Ariane de Rothschild

José Luís Vasconcelos e Sousa
(Banque Privée Edmond de Rothschild Europe Sucursal Portuguesa)

Lilian Tone
(Moma, Nova Iorque)

Pedro Cabrita Reis

Richard Julin
(Magasin3, Estocolmo)

Awarding a prize on the basis of a single work of art – without knowledge of the work that preceded it, or that will succeed it, or, for that matter, of the person behind the work – involves a greater measure of speculation and, in particular, projection than may be evident. As widespread as it is imperfect, this process offers an efficient structure that allows a greater number of artists to participate. More importantly, it does so without compromising the absolutely crucial need to see artworks in person, a rare event these days, in which our access to works of art increasingly takes place through a world of reproductions – in books, posters, postcards, slides, jpegs, and other electronic media – radically transforming the experience of art.

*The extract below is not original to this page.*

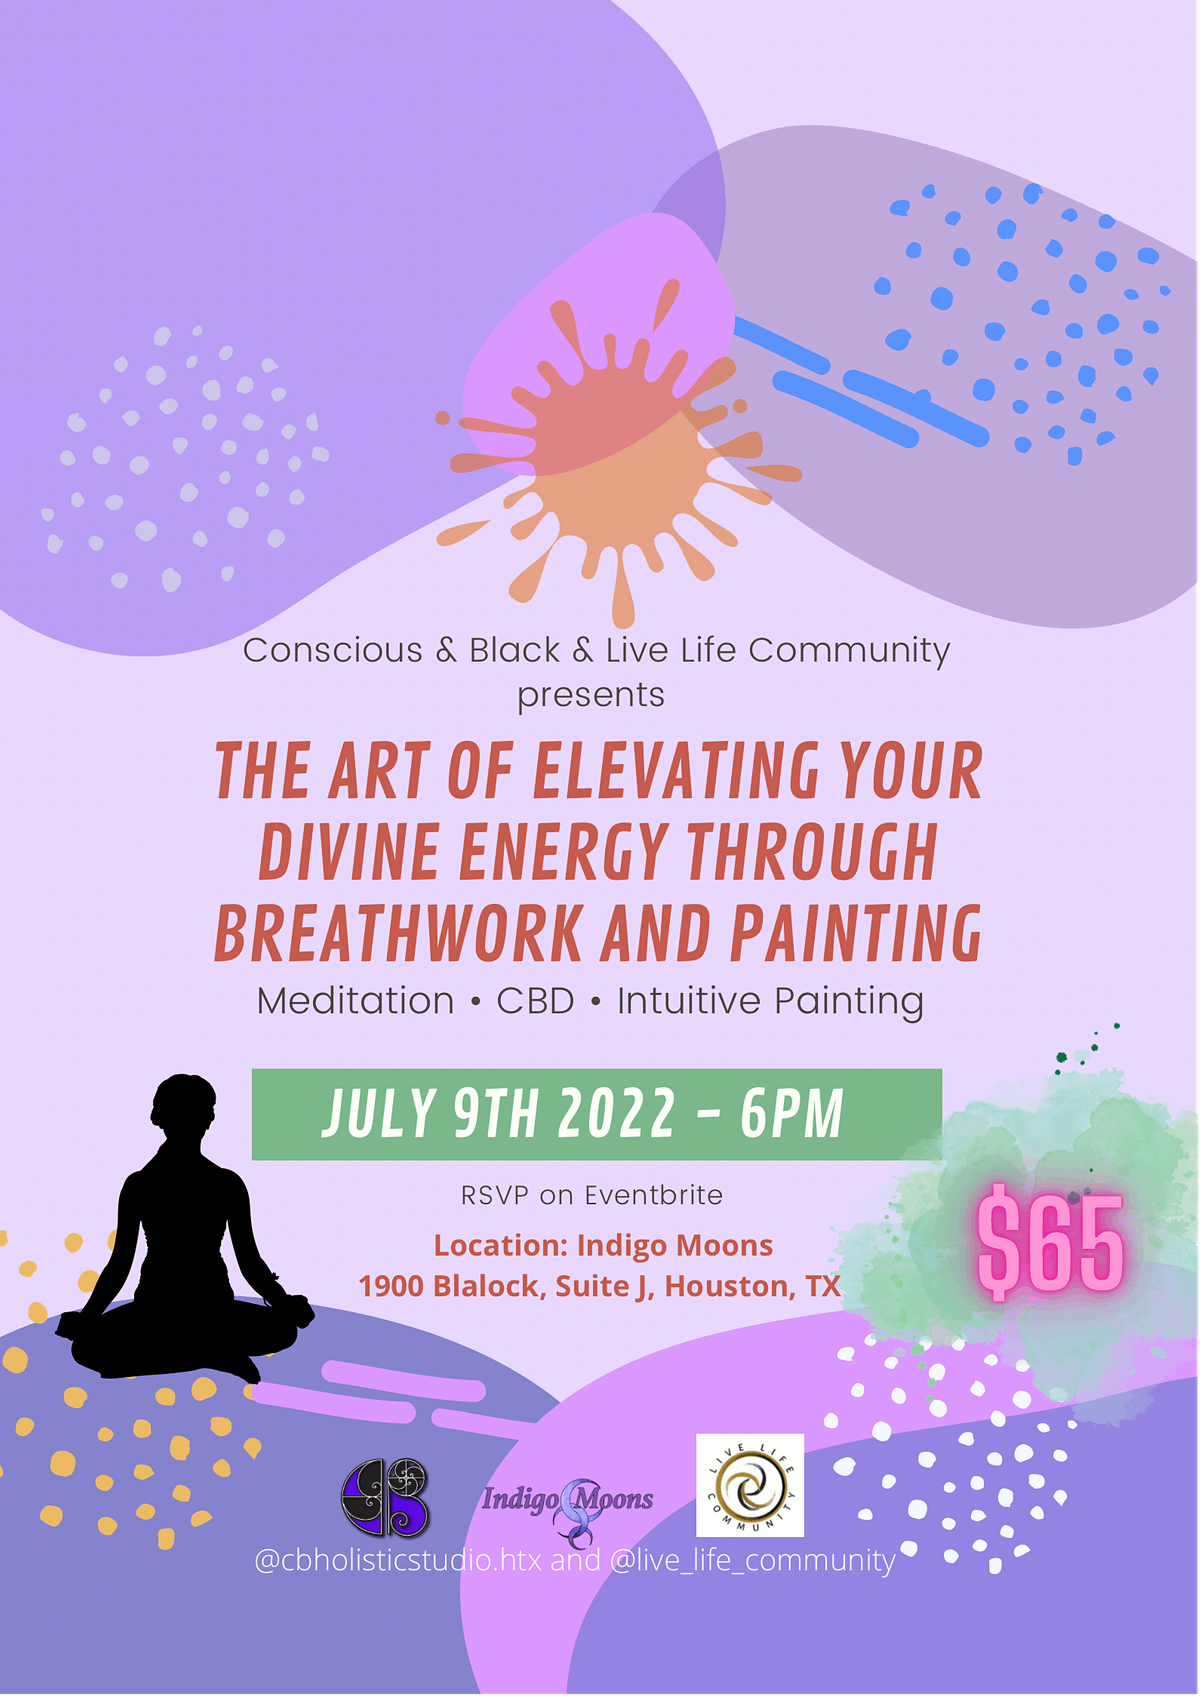 The Art of Elevating Your Divine Energy Through Breathwork and Painting

To this art-historically minded juror, trained to foreground context and keep the idea of "quality" in constant relativity, this process represents a challenge met with both trepidation and exhilaration, something of the order of a blind date. During the jurying process, we reviewed paintings, photographs, sculptures, and videos of around 300 artists. Although the works submitted were mostly paintings, they nevertheless covered a wide range of both procedural and aesthetic concerns. Despite their differences in background, practices and interests, as well as subject matter, media and styles, the selected artists are all striving to create works that are rewarding to look at. Inhabiting the shifting territory between abstraction and representation, the works selected speak to the ongoing tension between high and low culture, with abundant references to the body, pop culture, mass media and language.

I once heard from an artist that the meaning of an artwork was the sum of all meanings given to it by the sum of its viewers. If this prize and exhibition succeed in bringing to new audiences works of art that would otherwise have remained confined to a studio, allowing a greater plurality of meanings to come to the fore, then I think we have achieved our goal.